The large-scale public installation Continuous is a collaboration between Japanese art collective TeamLab and Hong Kong’s Leisure and Cultural Services Department, on display through June 2. Photo: Handout
For those looking for a light show, or just an outdoor piece to enjoy along with the warming weather, Japanese digital art collective TeamLab has brought Continuous to Tamar Park. Through June 2, TeamLab is following its successful Future Park at MegaBox by scattering ovoid lights from the beginning of Tamar Park out into the harbour.

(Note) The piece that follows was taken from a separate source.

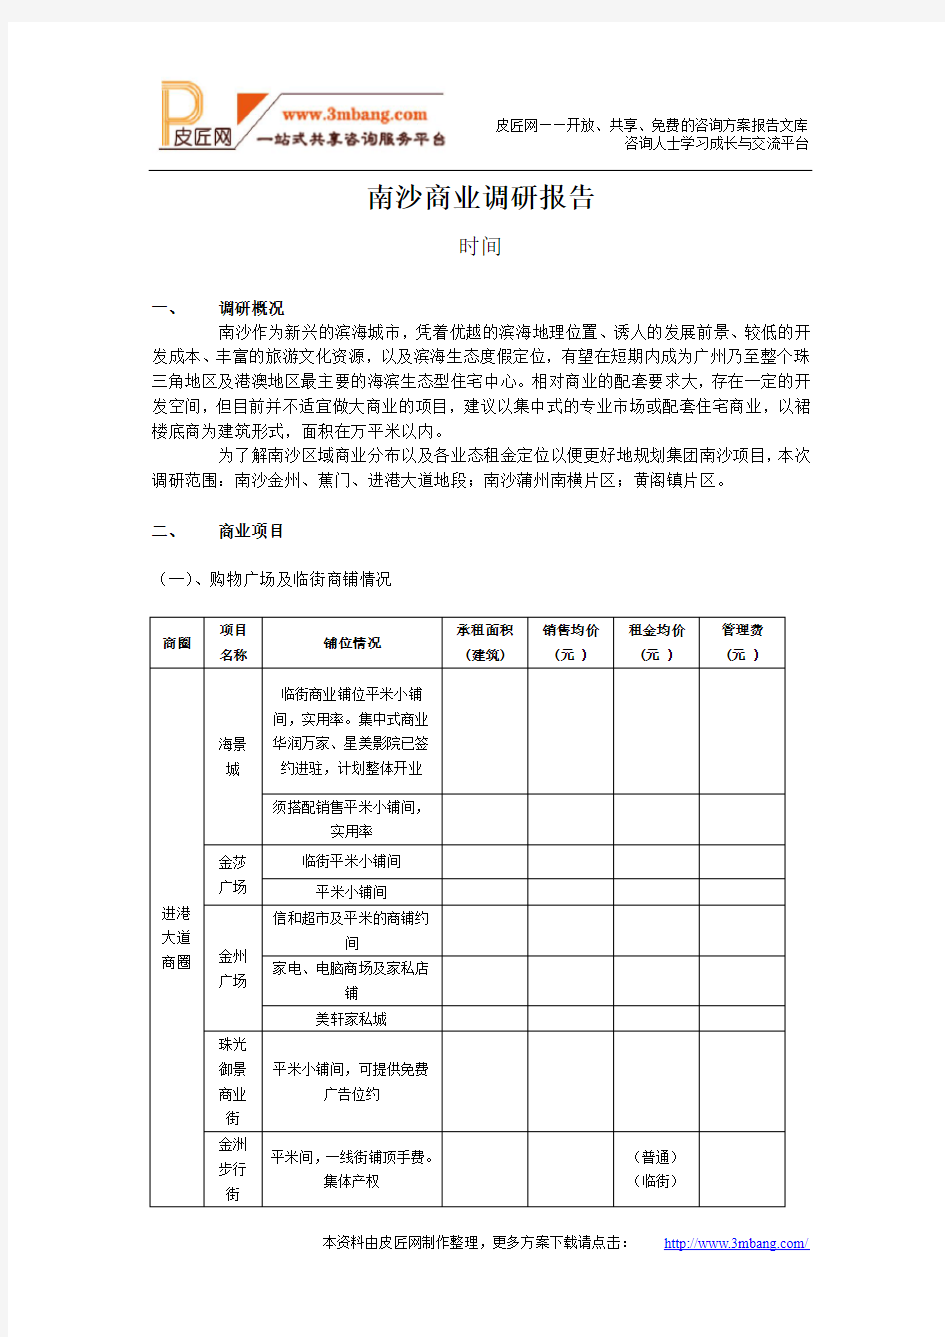 1广州南沙商业市场调研报告

4. Angelo Bonello’s “lightworks” on Wan Chai harbourfront

In Hong Kong for the first time after touring other major world cities, Angelo Bonello’s Illuminate! Run Beyond will remain in Wan Chai through April 28. Photo: Yik Yeung-man
In Wan Chai, Italian artist Angelo Bonello’s light art show, Illuminate! Run Beyond, makes its Hong Kong debut. Through April 28, catch illuminated figures in motion against the backdrop of Victoria Harbour, the piece already having appeared in Amsterdam, London, Singapore, Toronto and Washington DC, among other major cities.

5. The 100th anniversary of Jin Yong

A sculpture of Linghu Chong, a character from the novels of Jin Yong, is part of a Hong Kong Heritage Museum exhibition, through October 7, commemorating the 100th anniversary of the author’s birth. Photo: Yik Yeung-man

The Hong Kong Heritage Museum is commemorating the 100th anniversary of the birth of novelist Dr Louis Cha Leung-yung, better known by his pen name Jin Yong. For the memorial, sculptor Ren Zhe brings to life 22 of Jin Yong’s characters – the author having 15 novels to his name – including Guo Jing and Yang Guo from The Return of the Condor Heroes. These sculptures are showcased alongside a bust of Cha, donated by his family and also sculpted by Ren. Through October 7.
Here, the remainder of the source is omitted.